We propose a masking distribution‑guided test-time scaling method to improve the precision of VLAs in robotic manipulation.
Vision-Language-Action models (VLAs) excel at robot control but their single-inference, greedy-decoding paradigm bottlenecks high-precision manipulation. Existing test-time scaling approaches rely on external verifiers that require additional training and fail to generalize to unseen conditions.
We propose Masking Distribution Guided Selection (MG-Select), a verifier-free test-time scaling framework that uses KL divergence from a condition-masking reference distribution as a Best-of-N confidence signal. The reference is produced by the same VLA with randomly masked states and language conditions. A joint training strategy that applies dropout to state and language conditions further sharpens the reference at test time.
Our experiments demonstrate that MG-Select consistently improves state-of-the-art VLAs across diverse simulation and real-world pick-and-place benchmarks, without any additional training or external module at inference.

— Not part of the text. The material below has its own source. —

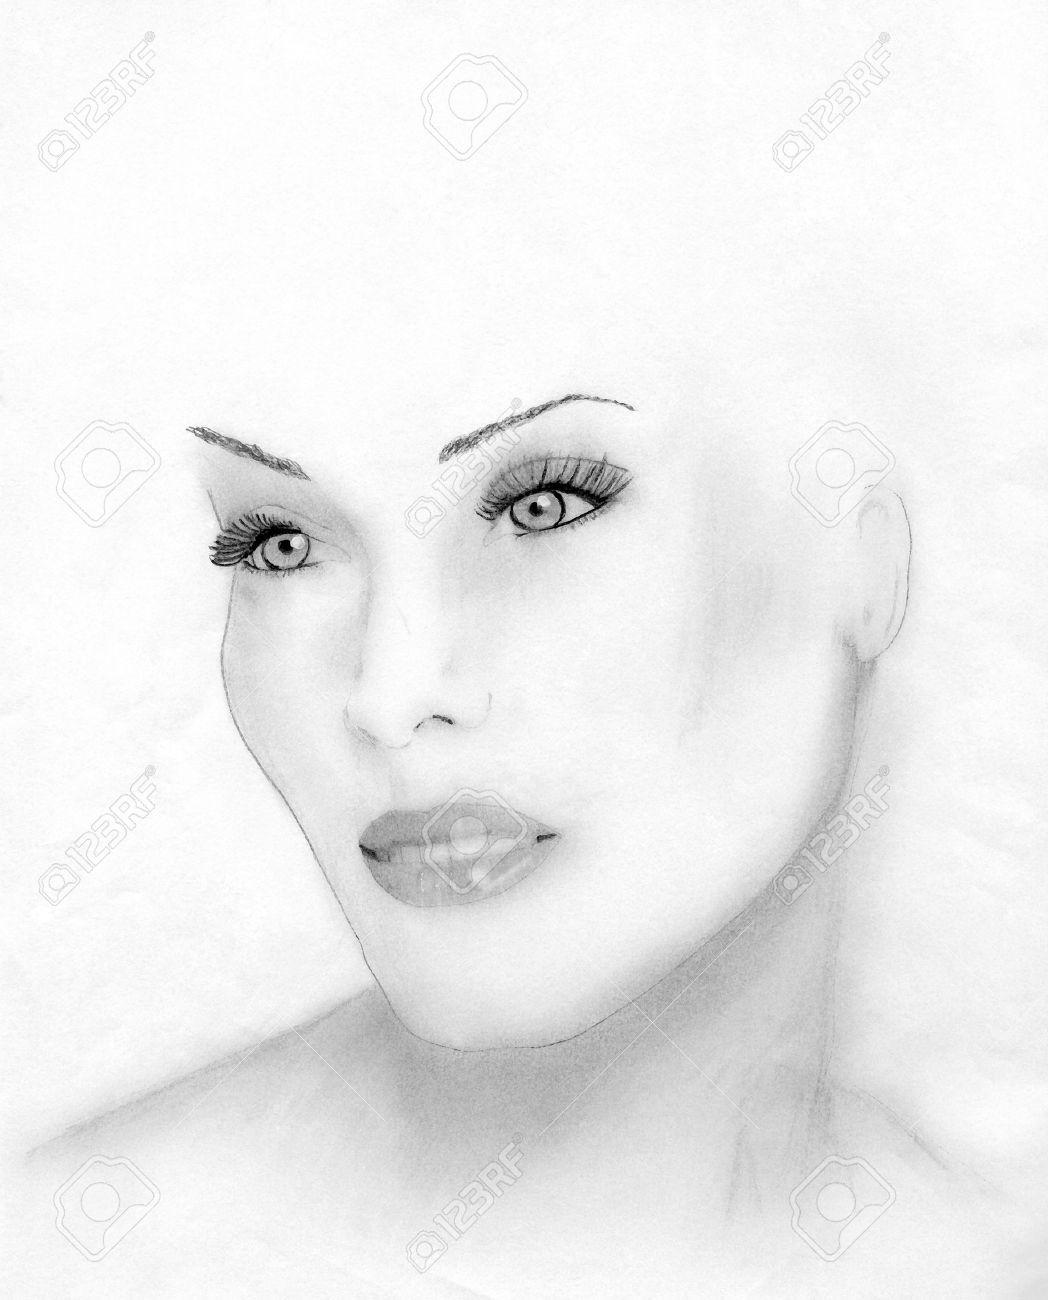 Dibujados A Mano Dibujo A Lápiz Del Rostro De Una Mujer Hermosa

MG-Select achieves substantial gains over greedy decoding across simulation and real-world benchmarks, without any external verifier.
1. Motivation
VLAs have shown remarkable performance in robot control, yet they remain fundamentally limited on tasks that demand high precision. Even after extensive pre-training, they often fail on fine-grained manipulation such as grasping or object placement. This precision gap is especially problematic for real-world applications where millimeter-level accuracy can decide task success.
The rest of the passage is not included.